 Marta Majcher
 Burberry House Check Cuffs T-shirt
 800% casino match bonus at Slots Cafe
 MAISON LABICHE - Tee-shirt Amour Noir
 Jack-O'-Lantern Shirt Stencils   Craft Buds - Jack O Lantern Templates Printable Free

What is being asked: A faithful copy of all the material is the required answer.

Solution to this exercise:
 Marta Majcher
 Burberry House Check Cuffs T-shirt
 800% casino match bonus at Slots Cafe
 MAISON LABICHE - Tee-shirt Amour Noir
 Jack-O'-Lantern Shirt Stencils   Craft Buds - Jack O Lantern Templates Printable Free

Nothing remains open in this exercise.